Après avoir exercé pendant un an comme assistant en Anglais dans une université new-yorkaise, il fait le choix de retourner dans une ferme du Michigan pour s’y occuper de sa famille et se consacrer entièrement à l’écriture. « Faux Soleil » fut publié en 1984 et n’est sans doute ni le meilleur ni le plus représentatif de ses livres. 

Il n’en constitue pas moins un ouvrage assez remarquable par sa structure et le style si personnel de l’auteur. Toujours est-il que, pour notre part, une fois commencé nous n’avons quasiment pas lâché le roman avant d’en avoir tourné la dernière page.

L’auteur use d’un procédé littéraire classique. Il laisse accroire, dans son prologue auquel il donne un caractère de forte vraisemblance en mêlant références à sa propre vie et pure fiction, qu’il est le personnage qui va tenir la plume et que ce qu’il va relater lui est arrivé, personnellement. C’est tellement bien fait que, malgré la ficelle largement usée, on y croit !

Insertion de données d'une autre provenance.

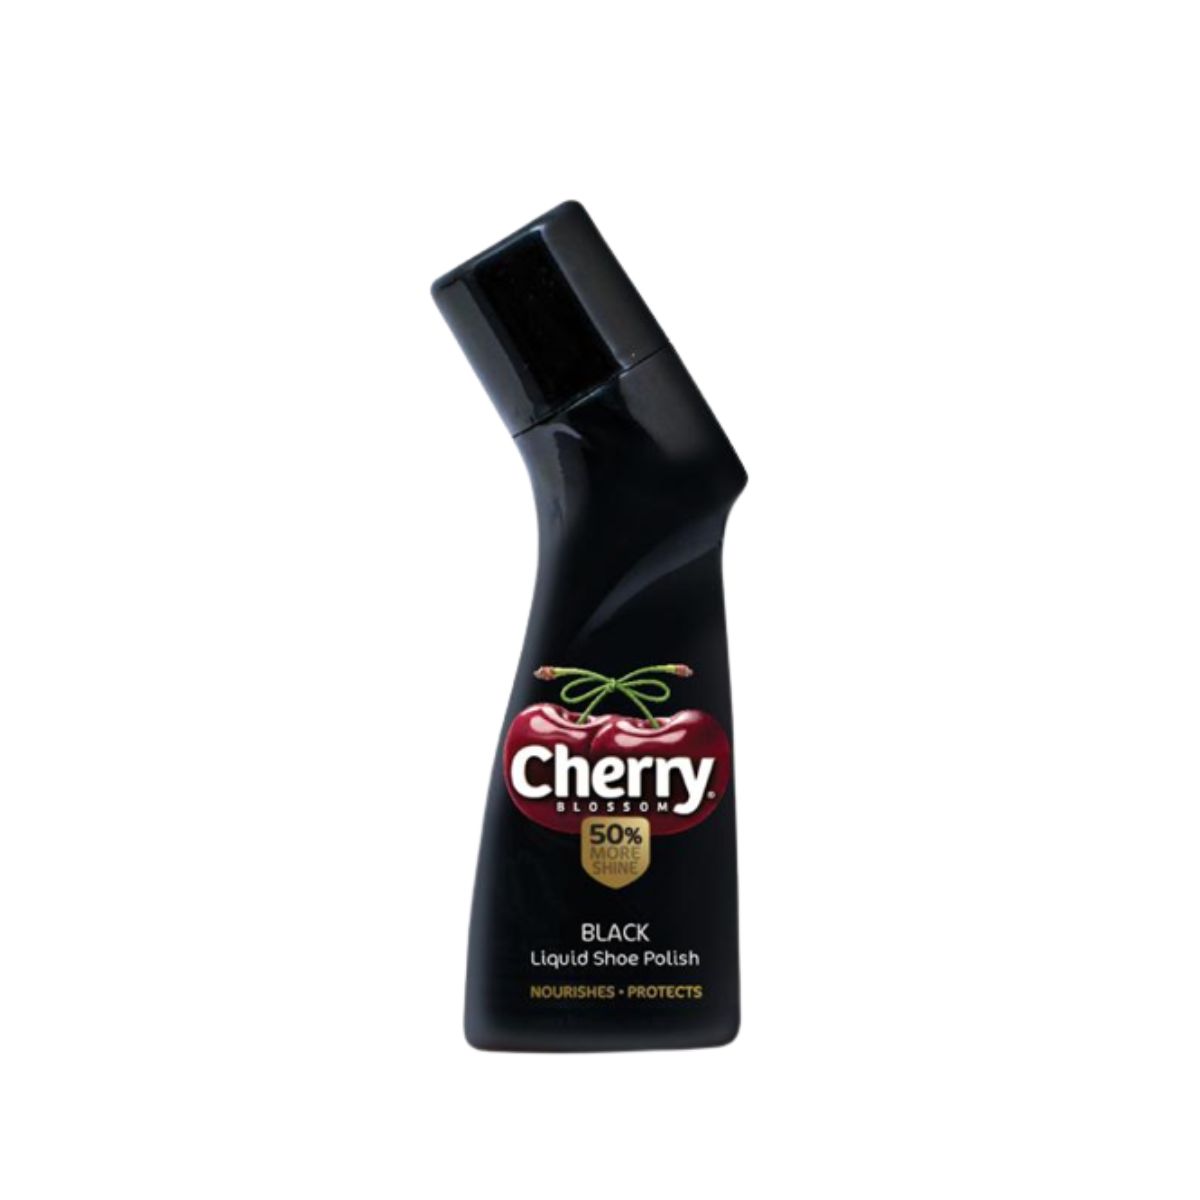 Cherry Blossom Black Liquid Shoe Polish - 75ml

C’est donc en journaliste (ce que Harrisson fut tout au long de sa carrière, aussi) que l’auteur se dissimule. Un journaliste usé par la vie, en surpoids, frappé de goutte, abusant de tout, la bonne chère, l’alcool et les femmes. Un journaliste aussi auteur de romans et que, par hasard, un riche magnat rencontré dans un vestiaire d’un club privé de Palm Beach met au défit de rédiger un livre sur un vrai personnage. Piqué au vif, notre homme va accepter et se trouver embarqué dans une aventure étrange et pittoresque.

Après un épuisant trajet au volant d’un 4x4 aménagé pour sa goutte, le voici transporté dans un chalet perdu en pleine nature dans le Nord du Michigan, lieu de quasi désolation, sans charme particulier et réservé aux fous de chasse et de pêche (cf, une fois de plus Russel Banks). Il y est envoyé pour interviewer Strang, le gendre du magnat. Strang est un être étrange qui a passé sa vie à construire des barrages aux quatre coins de la terre. Frappé d’épilepsie, il fut l’objet d’un gravissime accident sur son dernier chantier qui le laissa les jambes tenues par des broches, aux bons soins d’une bombe costaricaine, perdus tous deux dans un chalet supposé interdit à toute visite. Une bombe qui veille à le faire ramper pendant des heures sur les conseils de médecins visiblement dépassés par les évènements.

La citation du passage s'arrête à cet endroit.